驢子彈抖著長耳朵和身上沾染的鮮血,口中罵罵咧咧。
跳到它背上咬它兩邊脖頸血管位置的妖狼,獠牙鋒利,咬力巨大,它身軀皮膚再淬煉的厲害,也遭不住妖狼幾下撕咬,它懷疑妖狼的牙口,能夠咬壞法器了。
迫不得已當機立斷,將身體當作武器就勢一個兇勐翻身摔砸。
殺力奇大,氣場強悍,震懾住其它蠢蠢欲動的妖狼。
再來一招賴驢打滾野蠻碾壓并迅速起身,啊呸,觀主起的甚么破名號,一點也不威風凜凜,應該叫“神驢打滾”,好像也不中聽,“打滾”二字怎么樣都帶著下三路的泥巴味,與大氣不沾邊兒。

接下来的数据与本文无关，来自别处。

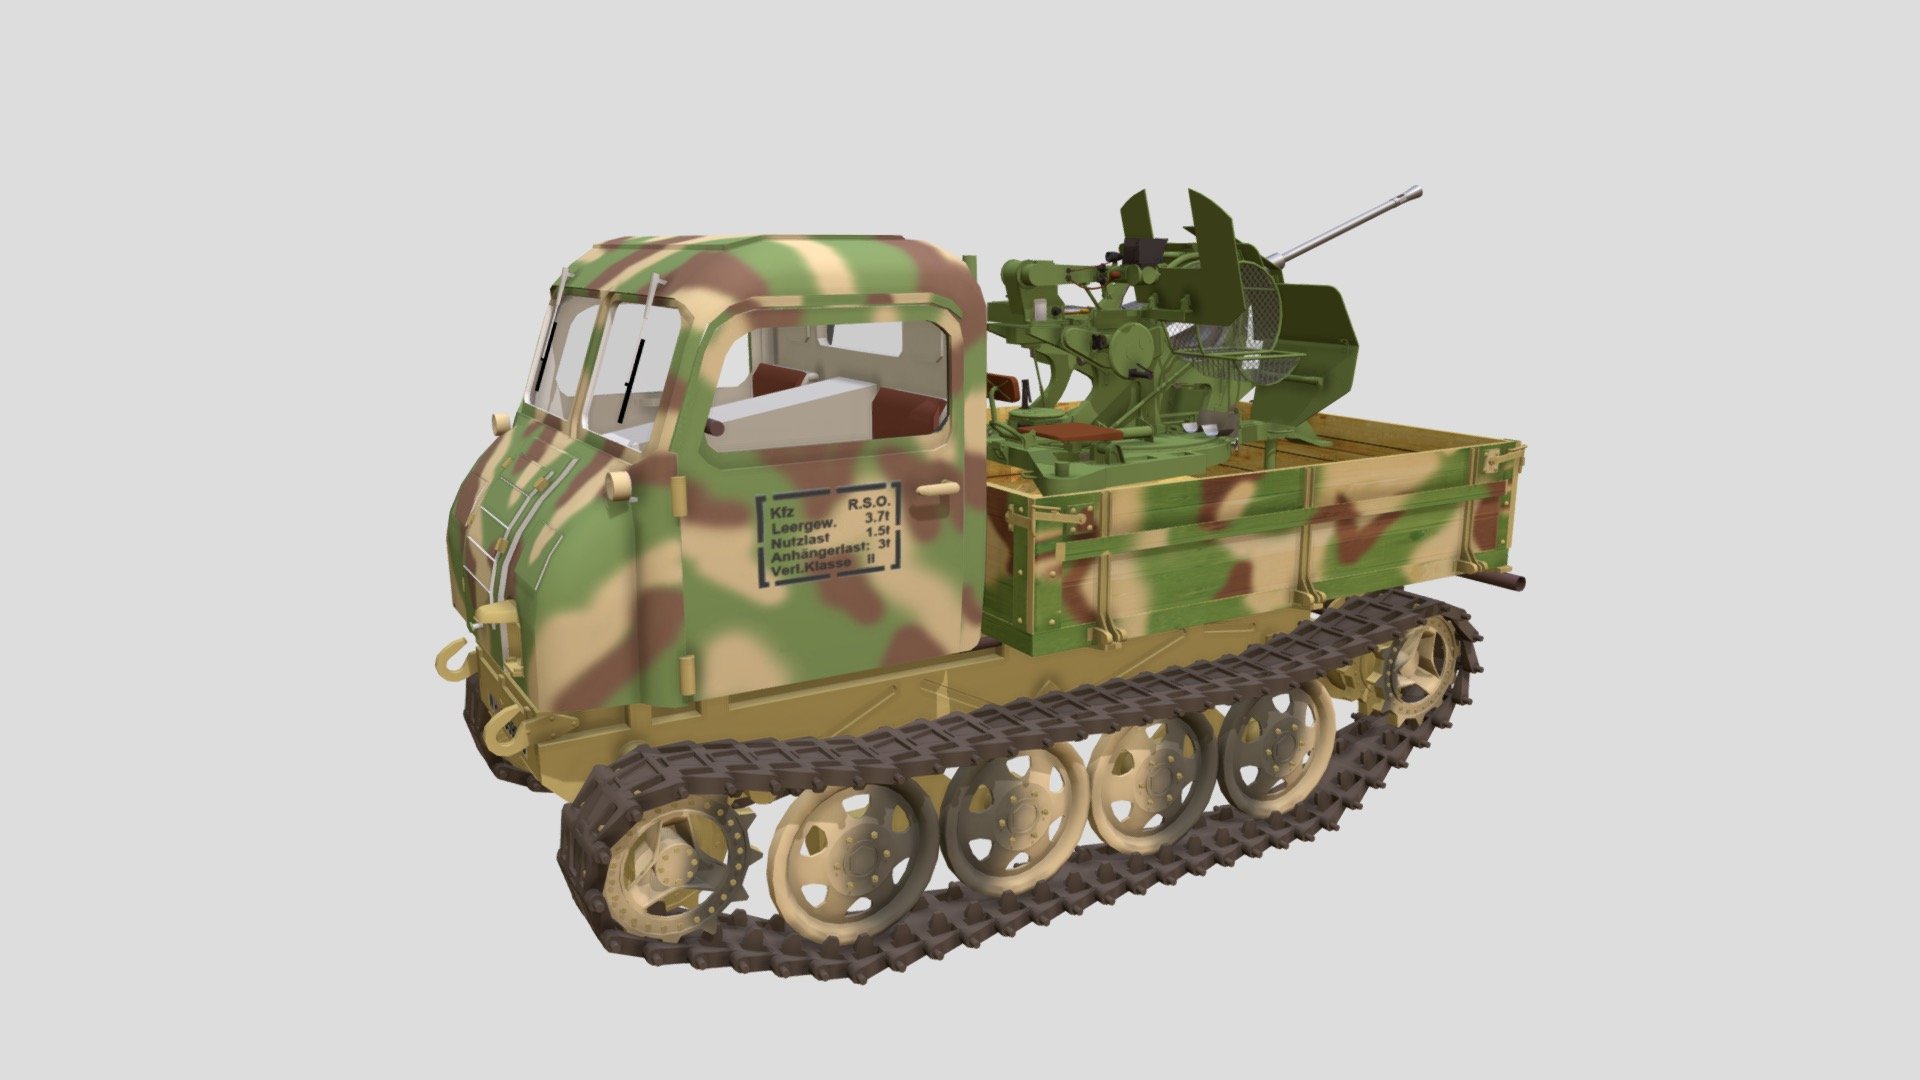 Raupenschlepper Ost (German: “Caterpillar Tractor East”, more commonly abbreviated to RSO) was a fully tracked, lightweight vehicle used by the Wehrmacht in World War II.

二戰德國東線全地形載重牽引車，安裝Flak 38防空炮的版本，製作R.S.O.載重車的系列作之一。 - Steyr RSO mit Flak 38 - 3D model by Basic Hsu (@Hsu.Pei.Ge) 3d model

拼命關頭,容不得半分猶豫,進攻便是最好的防守,觀主這點沒說錯。
沒有雷術可用,它得撿起以前的天賦本能。
張聞風從坡上飛落到一派狼藉的山腳,手中棗木劍隨手揮刺,兩頭被驢子踢得滾出數丈遠重傷未死的妖狼,呲牙掙扎的身軀栽倒在地,走到驢子身邊,問道:“傷到哪里了?讓我瞧瞧。”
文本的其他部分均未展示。